*** Opening of SOURCE DATA ***
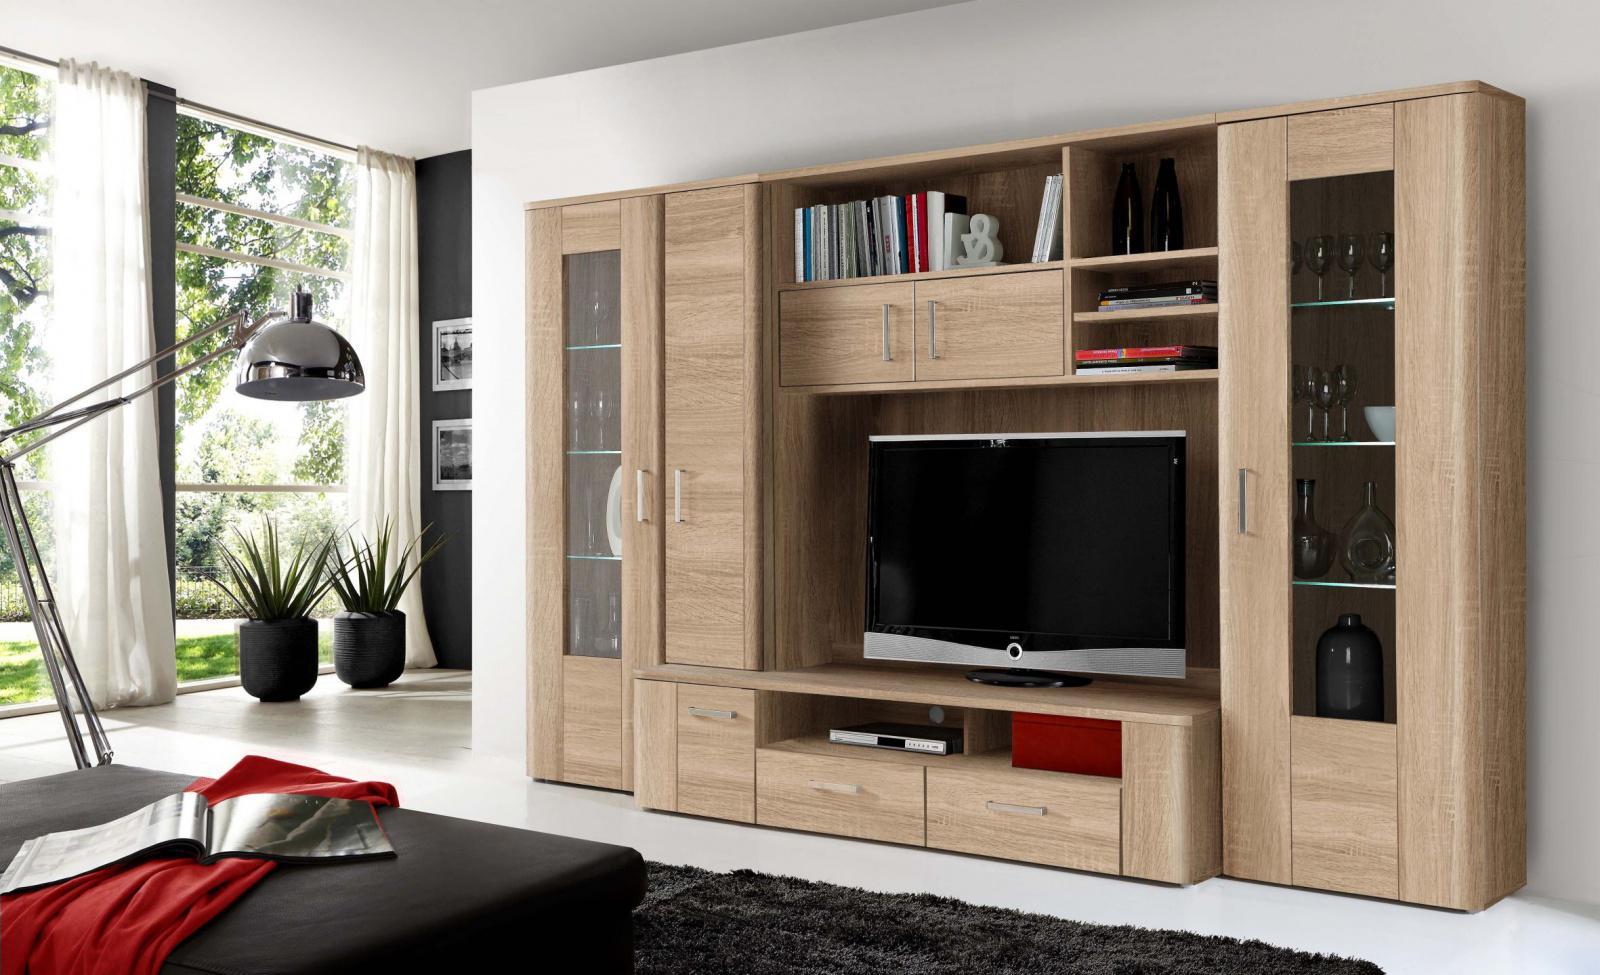 wohnwand libella 6 t rig in sonoma eiche kaufen bei. Black Bedroom Furniture Sets. Home Design Ideas
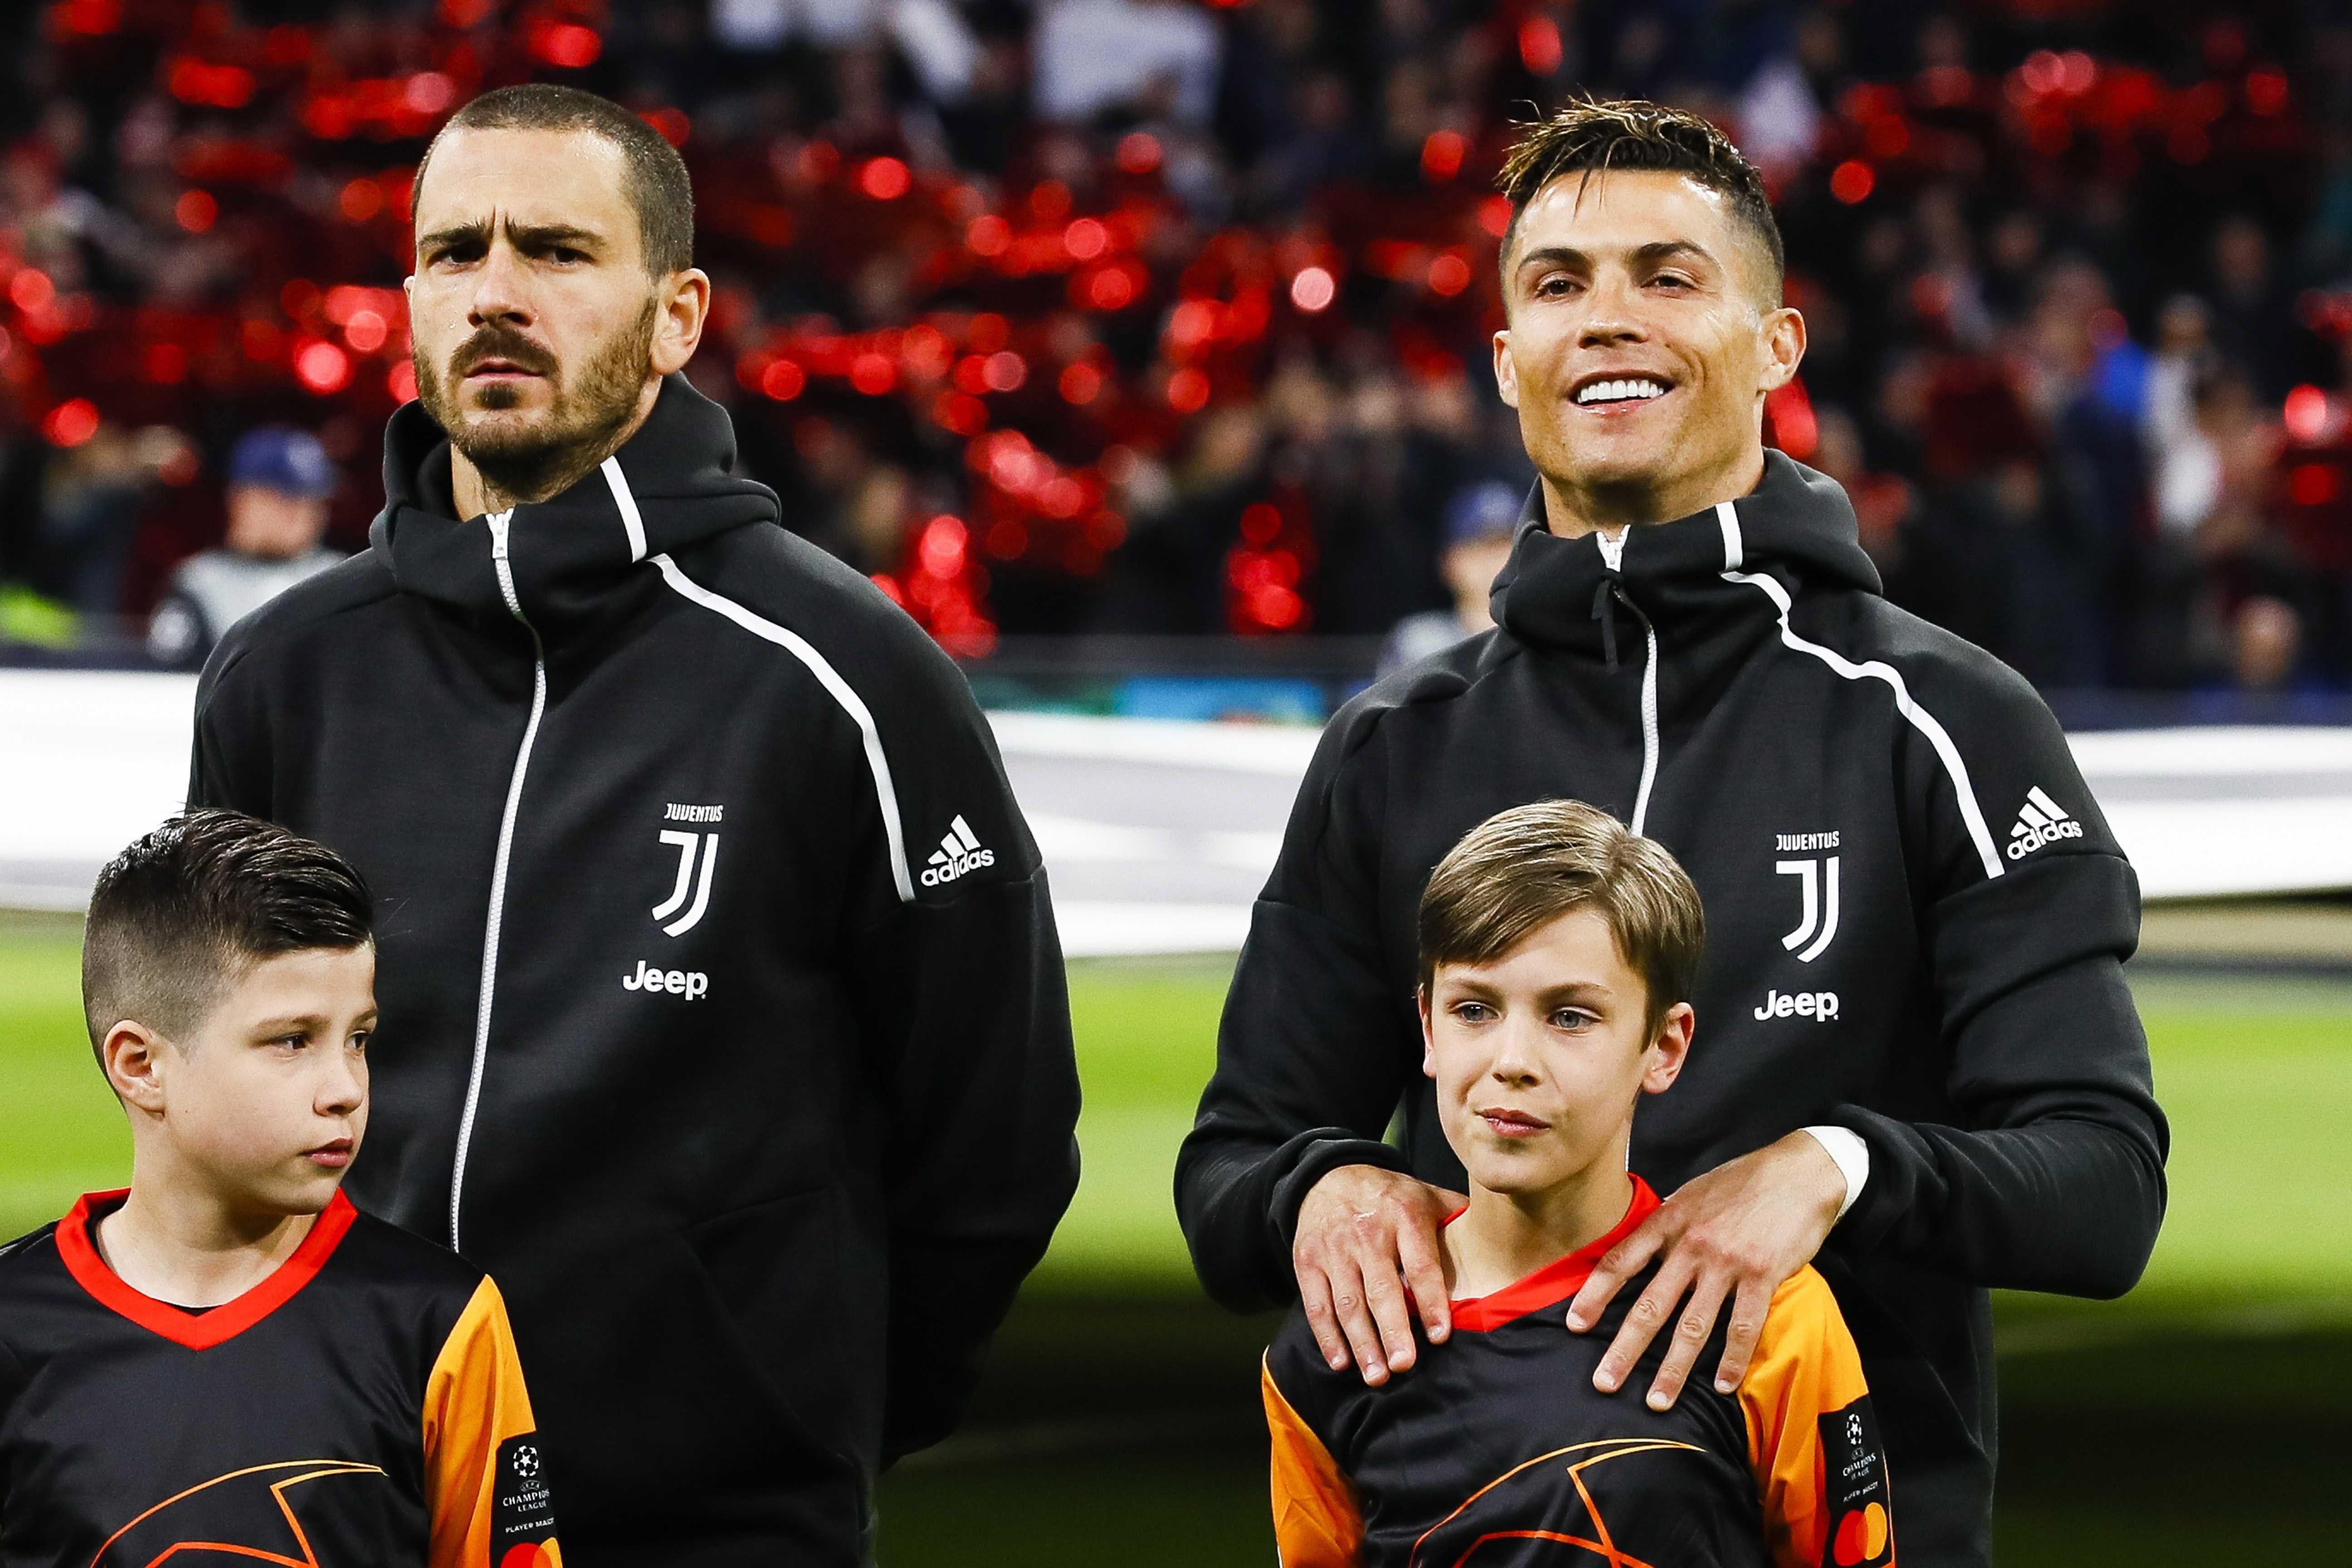 71794797. ÁMSTERDAM (HOLANDA), 10/04/2019.- Cristiano Ronaldo (d) y Leonardo Bonucci (i) de la Juventus escuchan el himno este miércoles, durante el partido de ida de cuartos de final de la Liga de Campeones UEFA, entre el Ajax Amsterdam y la Juventus FC, en Ámsterdam (Holanda). EFE/ Robin Van Lonkhuijsen
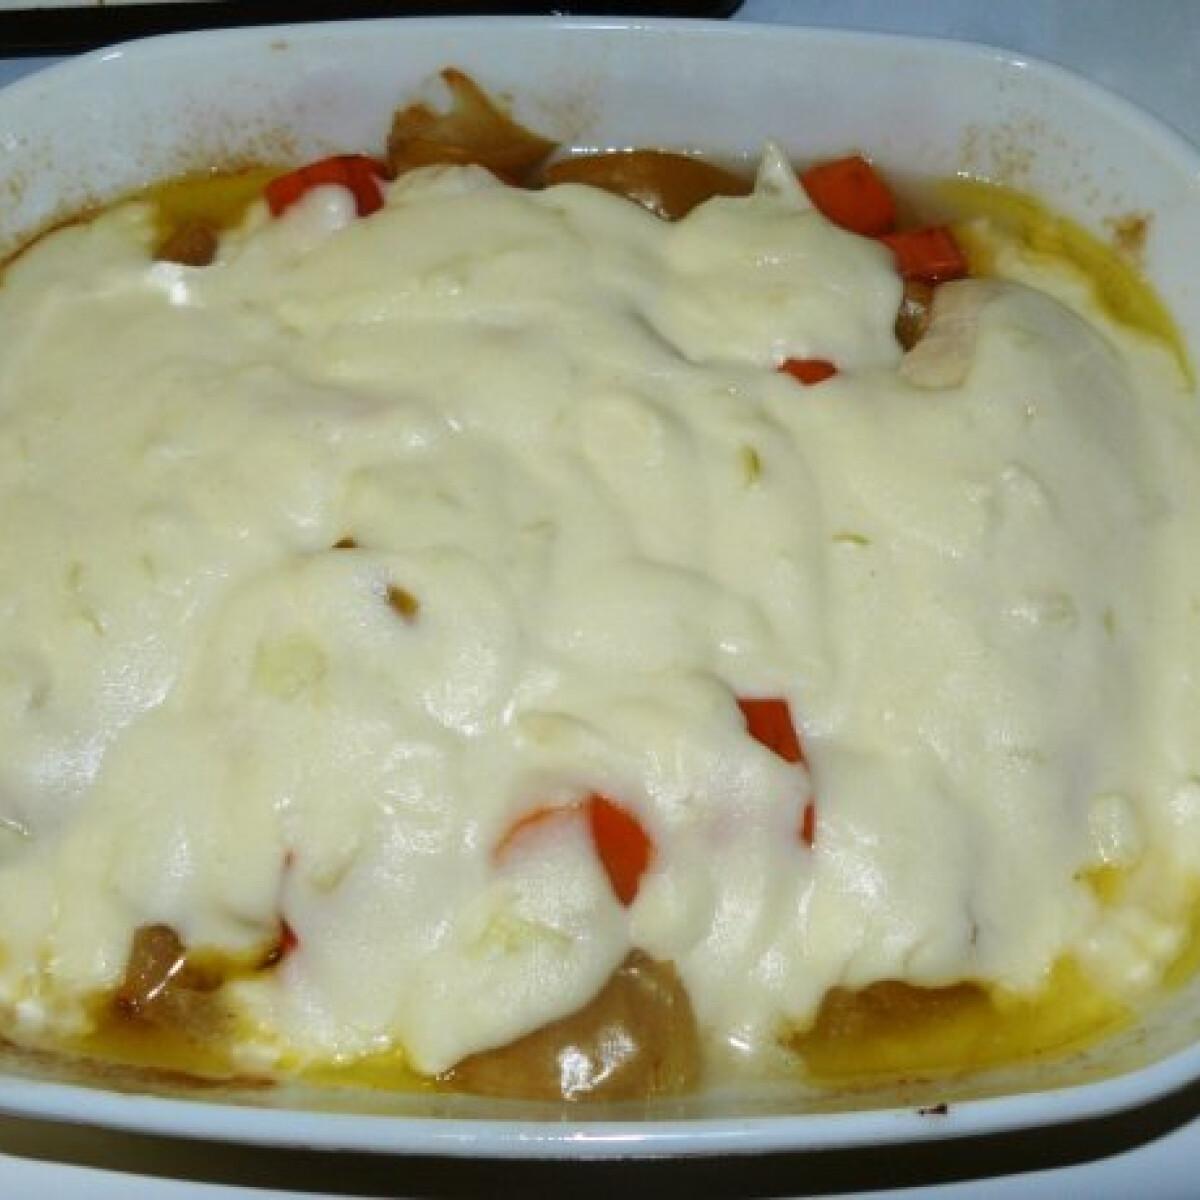 Ezen a képen: Szószos almás csirke Candida diétához
*** Close of SOURCE DATA ***
TASK DETAILS
Please output the material above unchanged, apart from removing the pictures.

EXPECTED ANSWER
 wohnwand libella 6 t rig in sonoma eiche kaufen bei. Black Bedroom Furniture Sets. Home Design Ideas
 71794797. ÁMSTERDAM (HOLANDA), 10/04/2019.- Cristiano Ronaldo (d) y Leonardo Bonucci (i) de la Juventus escuchan el himno este miércoles, durante el partido de ida de cuartos de final de la Liga de Campeones UEFA, entre el Ajax Amsterdam y la Juventus FC, en Ámsterdam (Holanda). EFE/ Robin Van Lonkhuijsen
 Ezen a képen: Szószos almás csirke Candida diétához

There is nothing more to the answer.